Hi everybody,
Last week we had a sting of lovely clear nights here, so I managed to get some more testing and tuning done with my new camera.
First up is a deep imaging test of the Antennae colliding galaxies (NGC 4038/4039) taken with the QSI 683wsg-8.
Image is here:
http://www.pbase.com/rolfolsen/image/142471748/original
This was the first attempt at some deep imaging to see what the camera could pick up under suburban Auckland skies. Total imaging time was L:350 R:50 G:50 B:60
The image is a 100% crop of the central area of the frame because the coma was still not fully corrected. This was because I calculated that I needed a 6mm T spacer in order to bring the Baader MPCC to 55mm from the CCD chip. The spacer arrived but it turned out I still needed about 0.5mm more which I later added temporarily by cutting a thin plastic wafer and fitting it on the thread of the 6mm spacer.

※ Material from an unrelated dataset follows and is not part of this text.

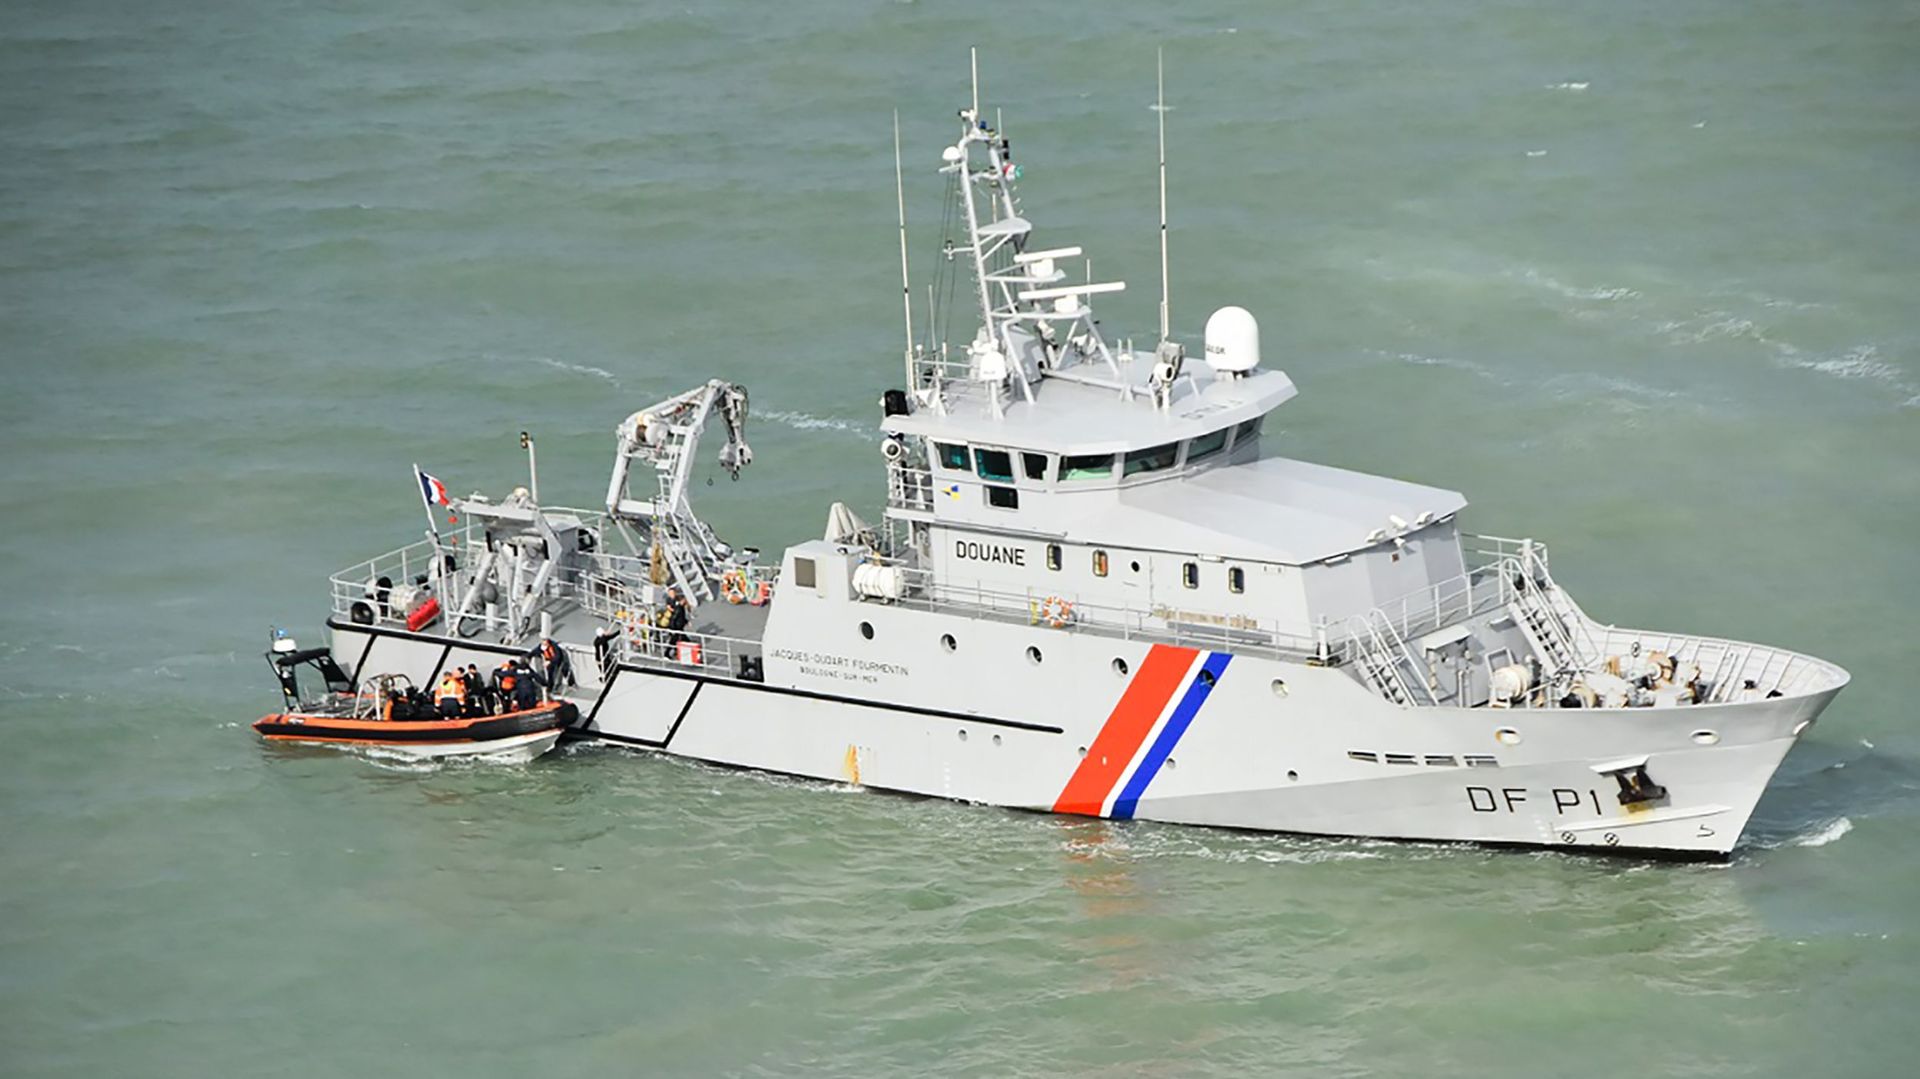 Les autorités françaises interceptent 30 migrants qui tentaient de traverser la Manche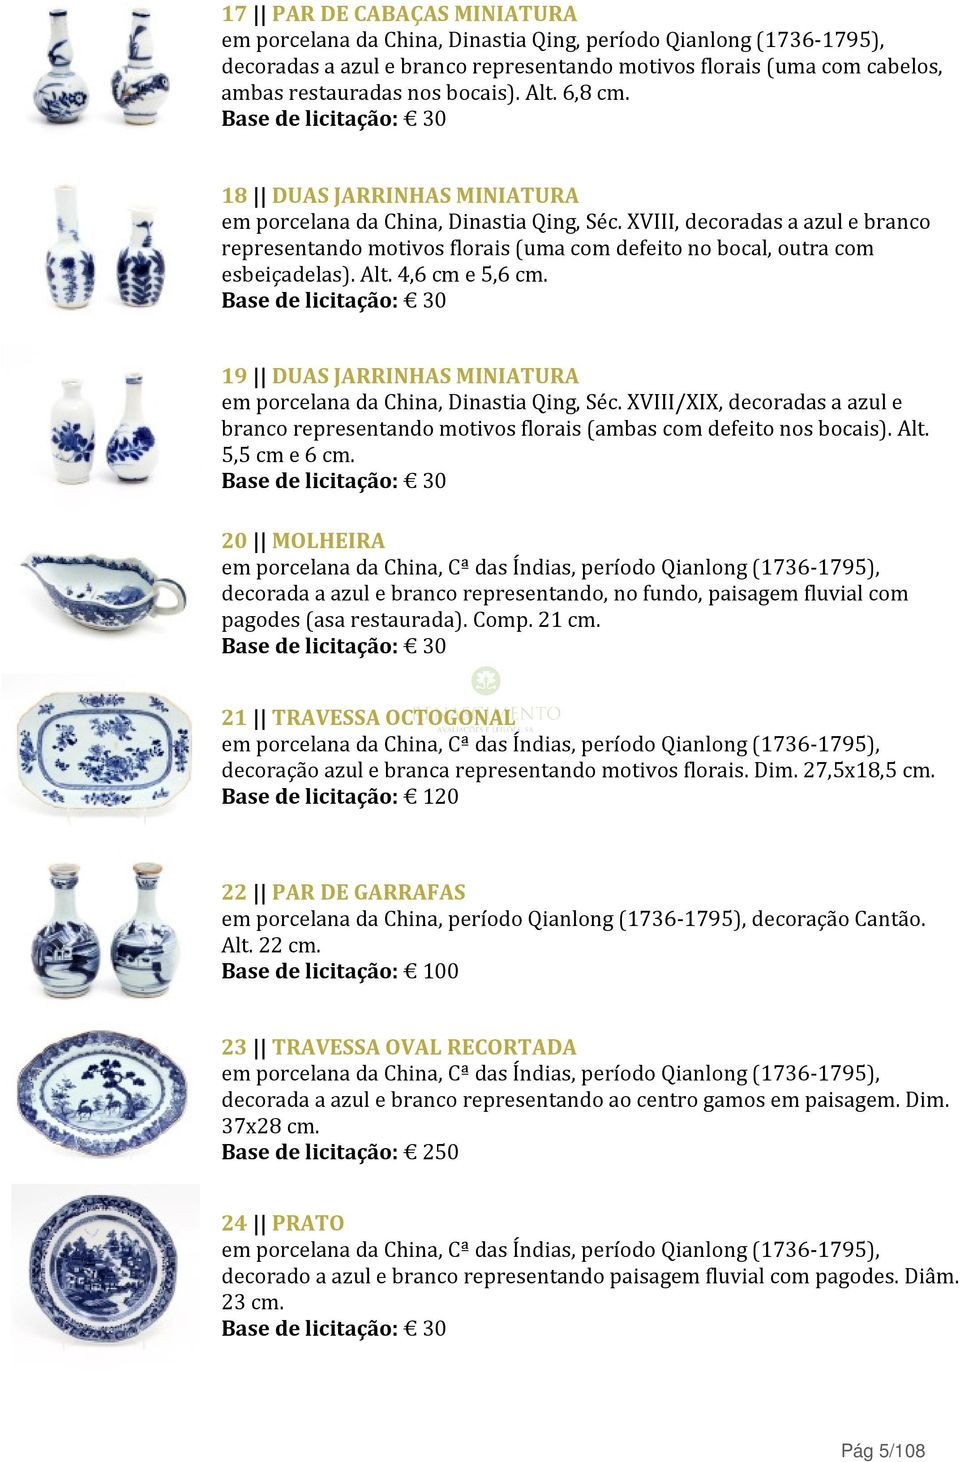 Alt. 4,6 cm e 5,6 cm. 19 DUAS JARRINHAS MINIATURA em porcelana da China, Dinastia Qing, Séc. XVIII/XIX, decoradas a azul e branco representando motivos florais (ambas com defeito nos bocais). Alt.

There seems to be some vertical banding in this image, I'm not sure where it came from. I haven't seen it in any of my other test images.
The second image is taken after I added the 0.5mm temporary spacer. This time of Centaurus A but only a stack of 4x10min luminance frames and one each of 200s in RGB (Clouds interruped this session early unfortunately).
Image is here:
http://www.pbase.com/rolfolsen/image/142471747/original
As the image shows, compared with the first tests stars are now very close to being evenly focused from edge to edge, I think it's good enough for now. However there is still evidently some guiding inaccuracy to deal with. I suspect upgrading my old standard Losmandy RA/DEC worms on the G11 will help with this.
Overall I'm very pleased with the results, and there is some good detail visible in the core of the Antennae so there is definitely a lot of potential with this camera. I also ran the cooling entirely at -30C without problems. Based on this I expect to be able to do -35C or even -40C in winter here but I don't know if that will be necessary.